We must leave here the subject of the establishment of university colleges and pass to consider the colleges of secular canons which were rapidly founded in all parts of the country. The Monasticon[636] gives a list of twenty-six establishments, described as collegiate churches, and of one hundred and sixty-five, which are described simply as colleges, exclusive of the cathedral churches. We are underestimating the number when we state that, outside the universities, there were two hundred colleges or collegiate churches in this country. The term “college” or “collegiate church” may be used indifferently; both imply an organisation of secular priests or of secular priests and scholars founded for the purpose “ad orandum et studiendum.”

One of the first of the collegiate churches to be established subsequent to the Conquest was that of Howden in Yorkshire. The church was intended at one time to form the endowment of a monastery,[637] but in 1266 Bishop Robert of Durham caused it to become a college of secular priests.[638] The remaining records of this church are meagre and relate mainly to the endowments which it gradually received.

Howden Collegiate Church serves to illustrate the difficulties in connection with tracing the educational history of this country, and also the educational significance of the collegiate churches. As we have just remarked, the records of this church are extremely meagre, and if we were dependent upon them alone we would naturally conclude that no educational interest was attached to this institution. A different interpretation is put upon the matter when we examine a Durham register of the period.[639] Here we find records of scholastic appointments to this church, e.g. to a song school in 1393, to a grammar school in the same year, to a reading and song school in 1394, to a reading and song school in 1401, to a reading and song school in 1402, to a grammar school in 1403, to a grammar and reading school in 1409, to a song and reading school in 1412, separate appointments for reading and song in 1426, whilst the last record is that of J. Armandson, B.A., who was appointed “ad informandum pueros in lectura et grammatica” during the good pleasure of the prior.
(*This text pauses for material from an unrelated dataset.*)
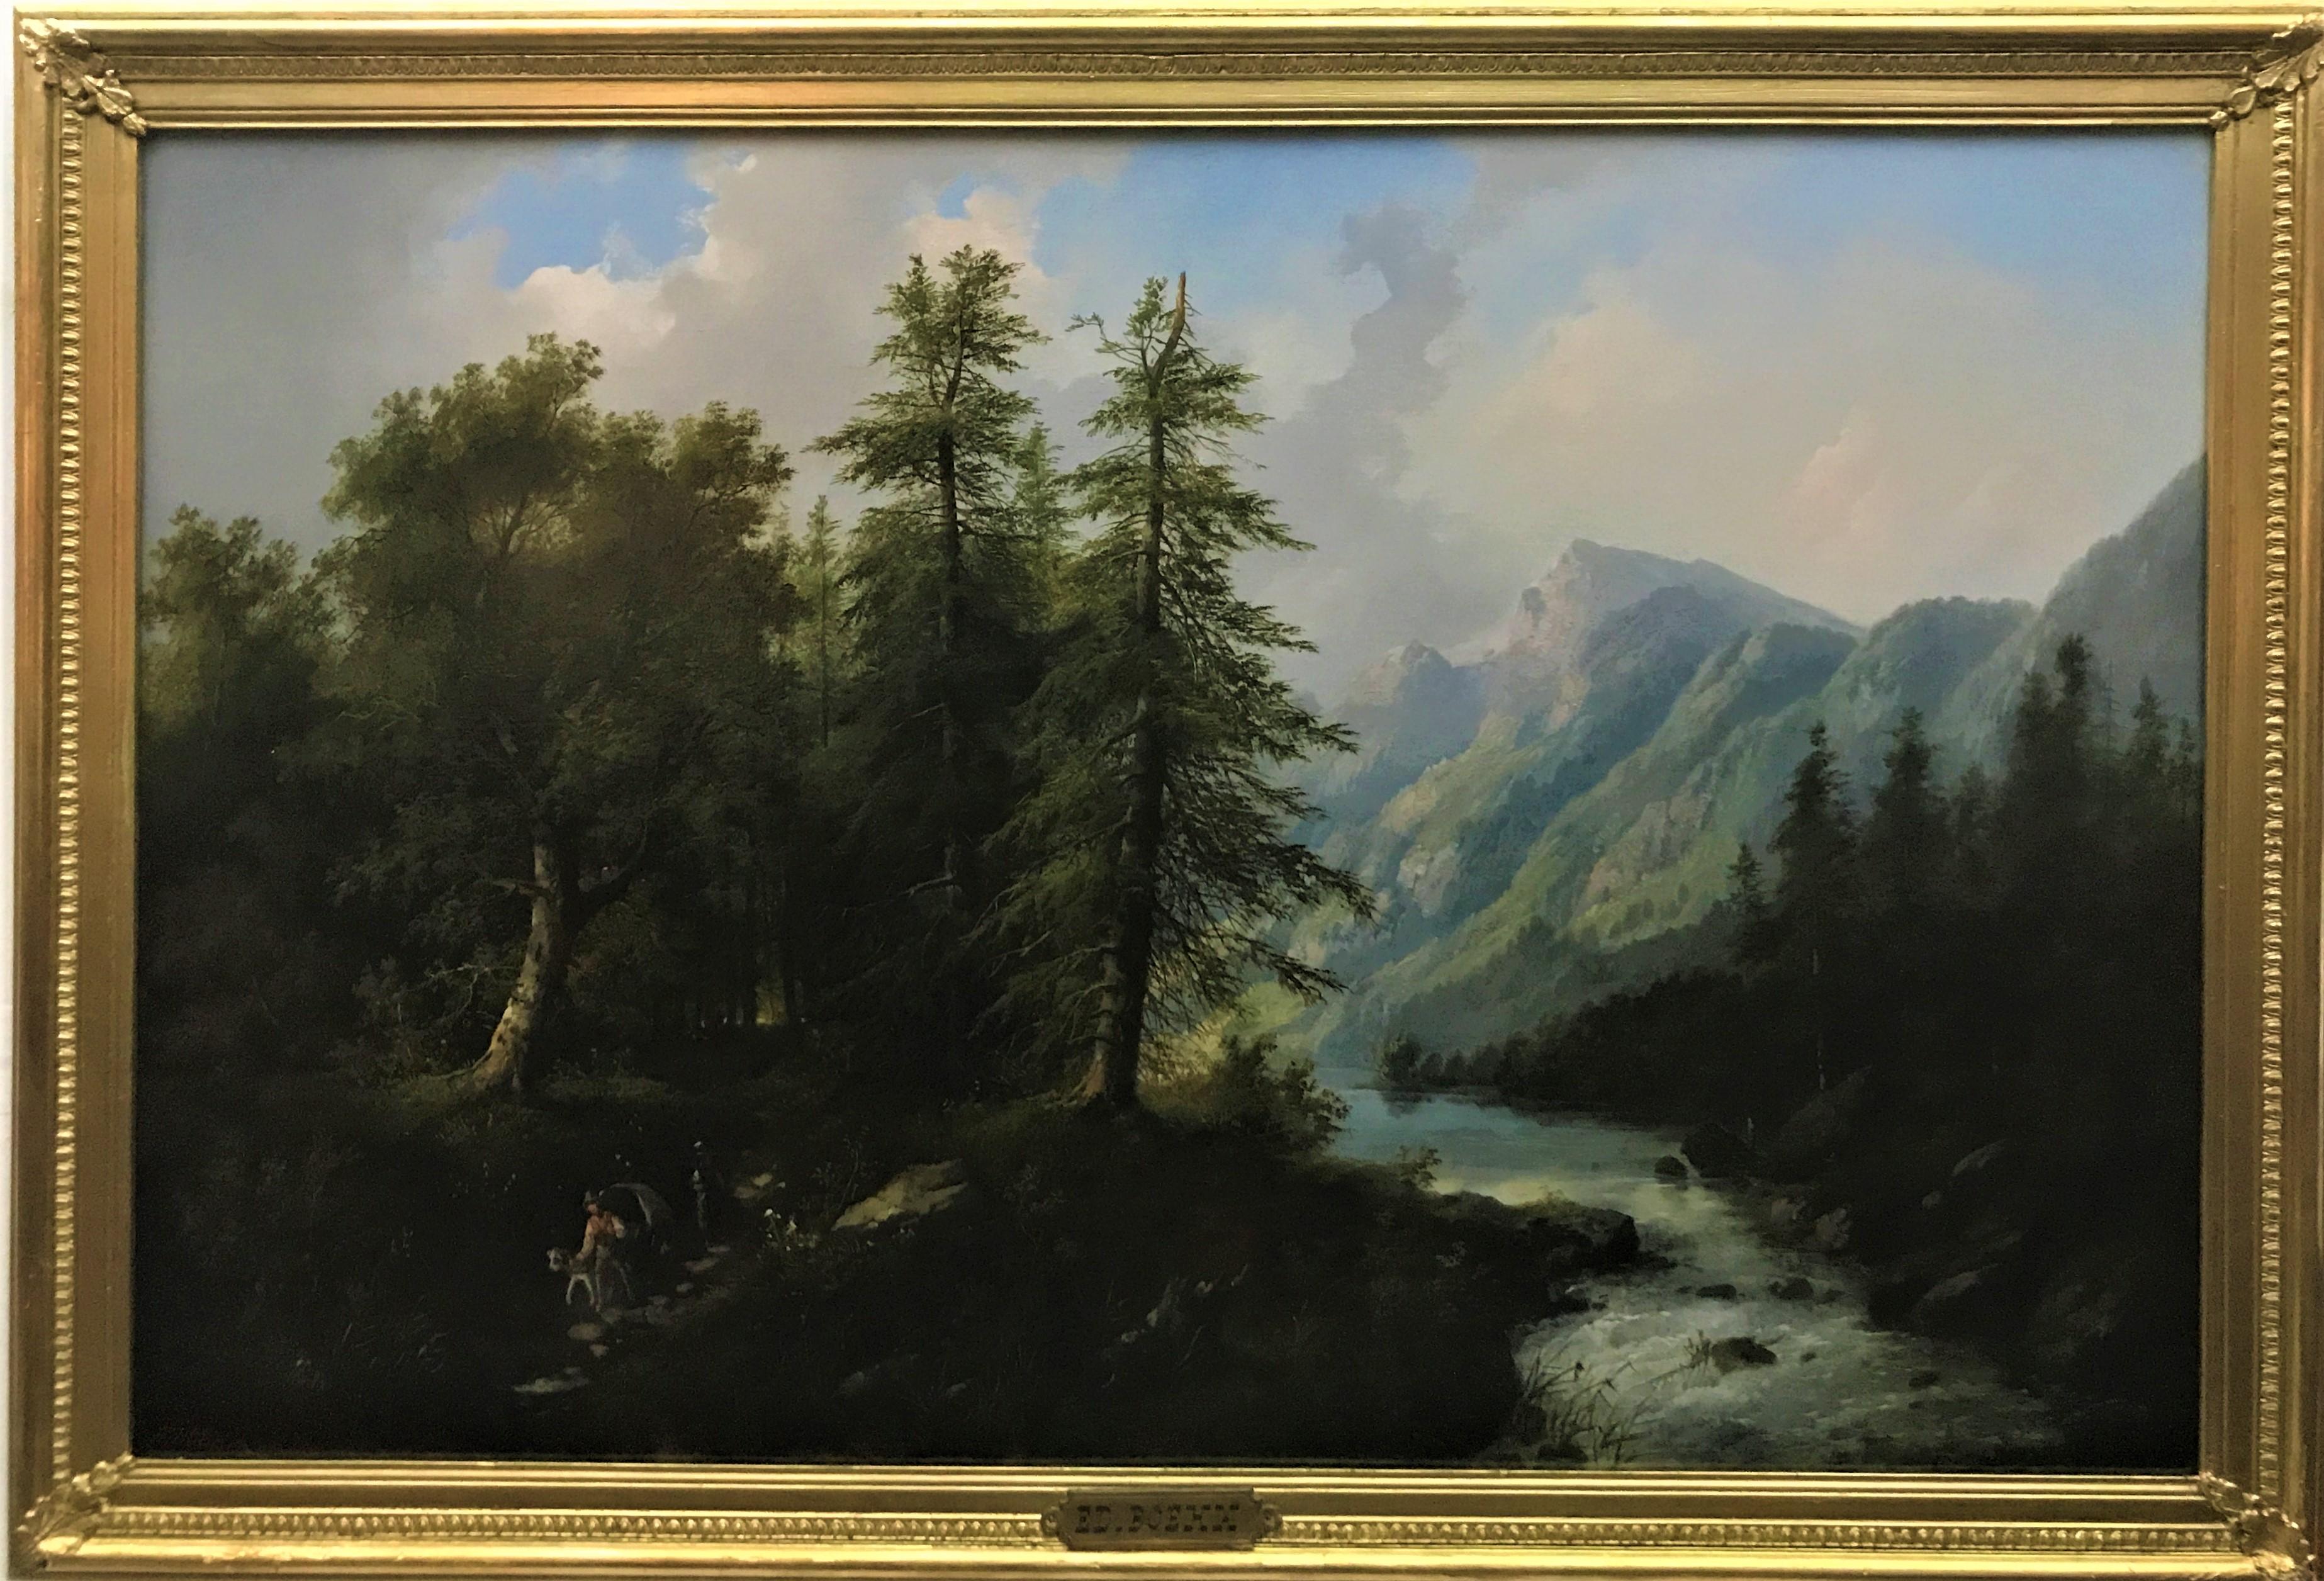 Paysage suisse, huile sur toile originale, vers 1870, peintre réaliste autrichien - Painting de Eduard Boehm

We have given these various references to the appointments because they show that the collegiate churches, as a general rule, regarded it as one of their definite functions to provide educational facilities for those who cared to avail themselves of them. For the purpose of demonstrating this statement more fully, we now proceed to give a series of examples of the establishment of collegiate churches.

In 1267 the collegiate church of St. Thomas the Martyr was founded at Glasney near Penrhyn, in Cornwall, by Bishop Bromescomb of Exeter.[640] We should not know anything about the educational work carried on at this church were it not for the return made to the commissioners under the Chantries’ Act of 1547. The Continuation Certificate stated that a school was to continue at Glasney because it had previously been kept by “one of the said vicars scolemaster ... for the which the people maketh great lamentacione and it is mete to have another lerned man, for there is muche youthe in the same Towne.”[641] This college is particularly interesting, as it is one of the few places of which records are available where provision was made for teaching the first rudiments of learning. It is stated that:—

“John Pownde, bell rynger there, of the age of 30 yeres, hathe for his salarye ther 40/-, as well for teachynge of pore mens children there ABC as for ryngynge the Bells 40/-.”[642]

Passing next to the college founded in 1337-8 at Ottery St. Mary in Devonshire by Bishop Grandison, we find the first instance of a collegiate church where the charters of the institution provide that the establishment should include “a Master of Music” and a “Master of Grammar.”[643] The chantry return stated that “Syr John Chubbe preste, beyng scholemaster ther” received an annual stipend of £10.[644]